A probe explores the behavior of a system that is in a chaotic or unpredictable state and helps validate the declarative hypothesis set by the user. The goal of a chaos probe is to understand the underlying patterns and laws that govern the behavior of these systems, and use this understanding to predict or control their behavior.
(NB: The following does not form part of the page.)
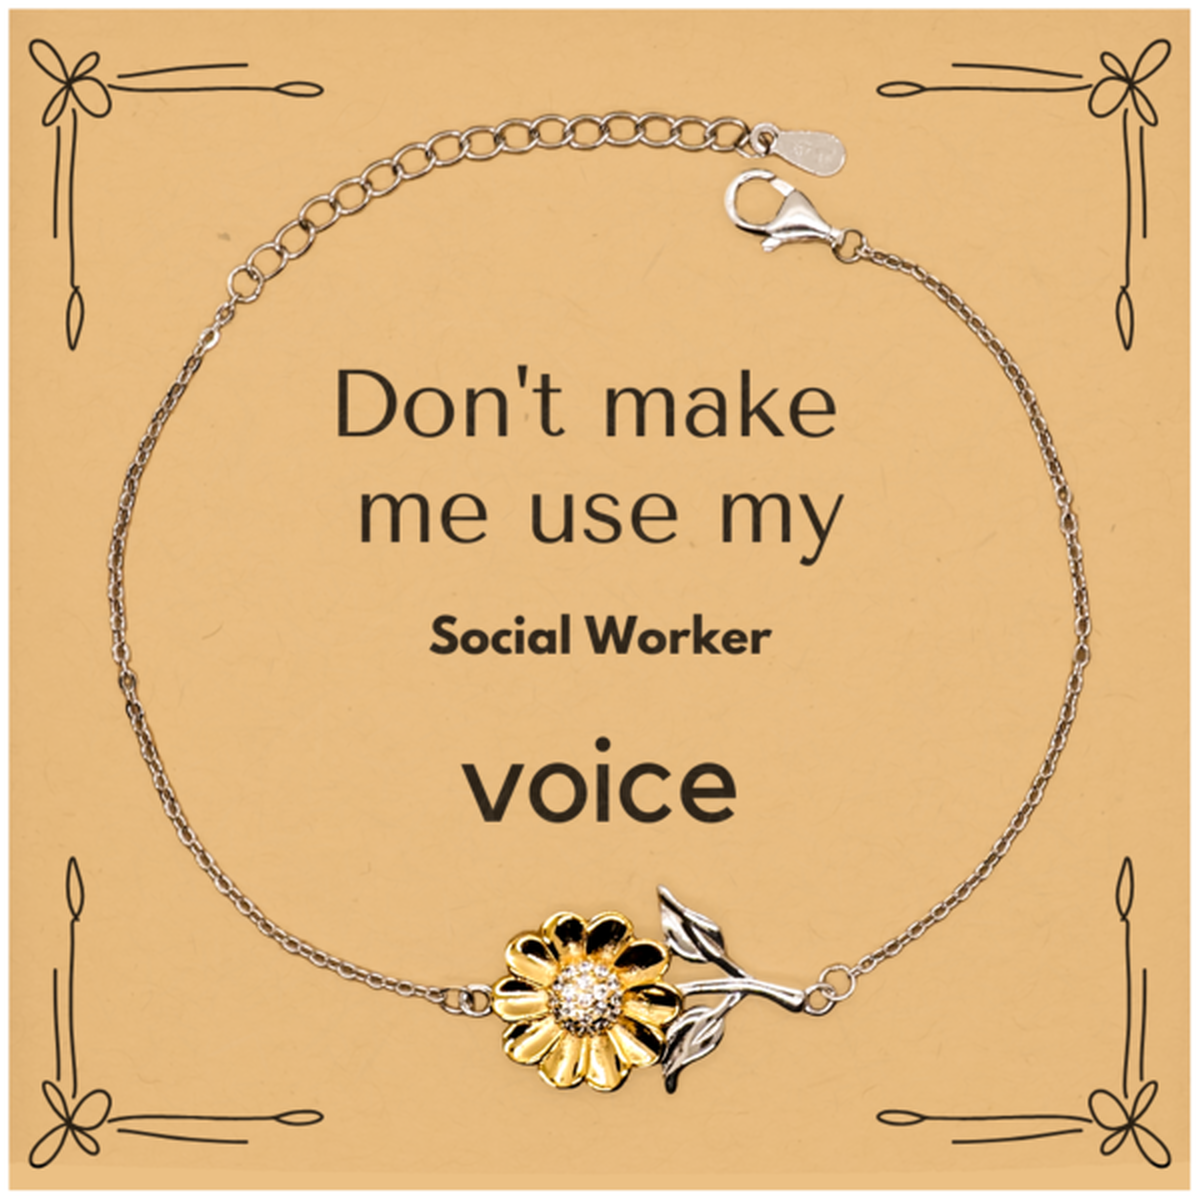 Don't make me use my Social Worker voice, Sarcasm Social Worker Card Gifts, Christmas Social Worker Sunflower Bracelet Birthday Unique Gifts For Social Worker Coworkers, Men, Women, Colleague, Friends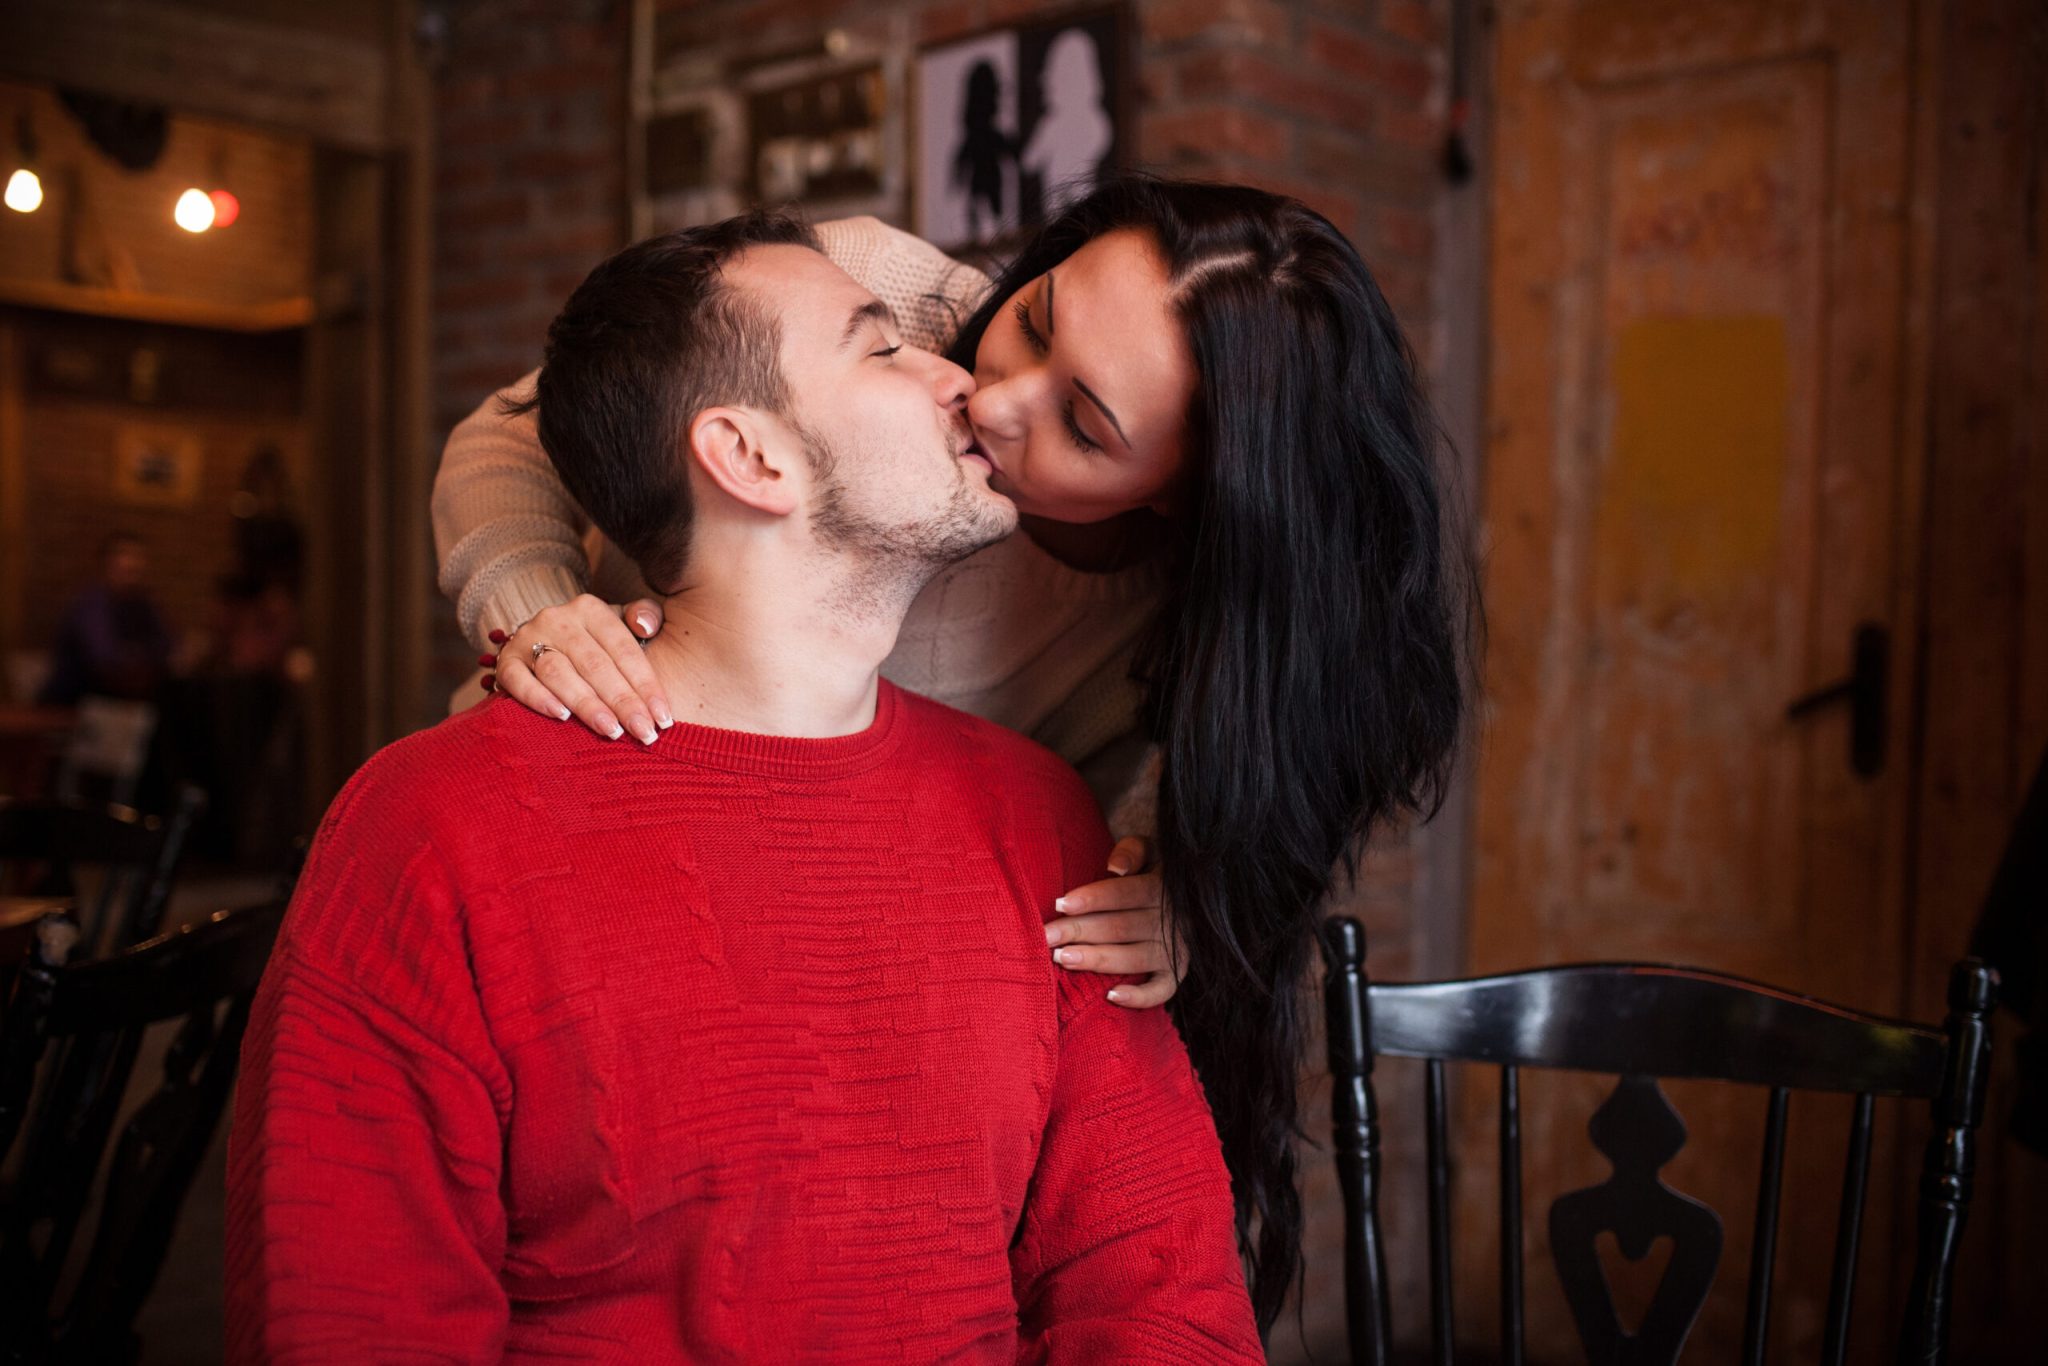 girl-kissing-man-cafe-scaled-1-2048x1366

This section walks you through how to configure and add probes to a chaos experiment.

Before you begin

Prerequisites

  • You should have an active chaos infrastructure where you can schedule the chaos experiment.
  • Enterprise Hub connectivity status should be active
  • Read/write access to the chaos experiment to schedule or navigate to the probe addition UI.
  • Read access to the chaos infrastructure to select a chaos infrastructure when creating an experiment.
  • Read access to the chaos hub to select faults from the chaos hub while creating an experiment.

Once the prerequisites are fulfilled, you can configure and add a probe to your experiment using the following steps.

Step 1: Navigate to the chaos experiment creation

Navigate to the Create Experiment View by clicking + New Experiment button. Provide a name, description and tag for your experiment. The description and tag are optional fields.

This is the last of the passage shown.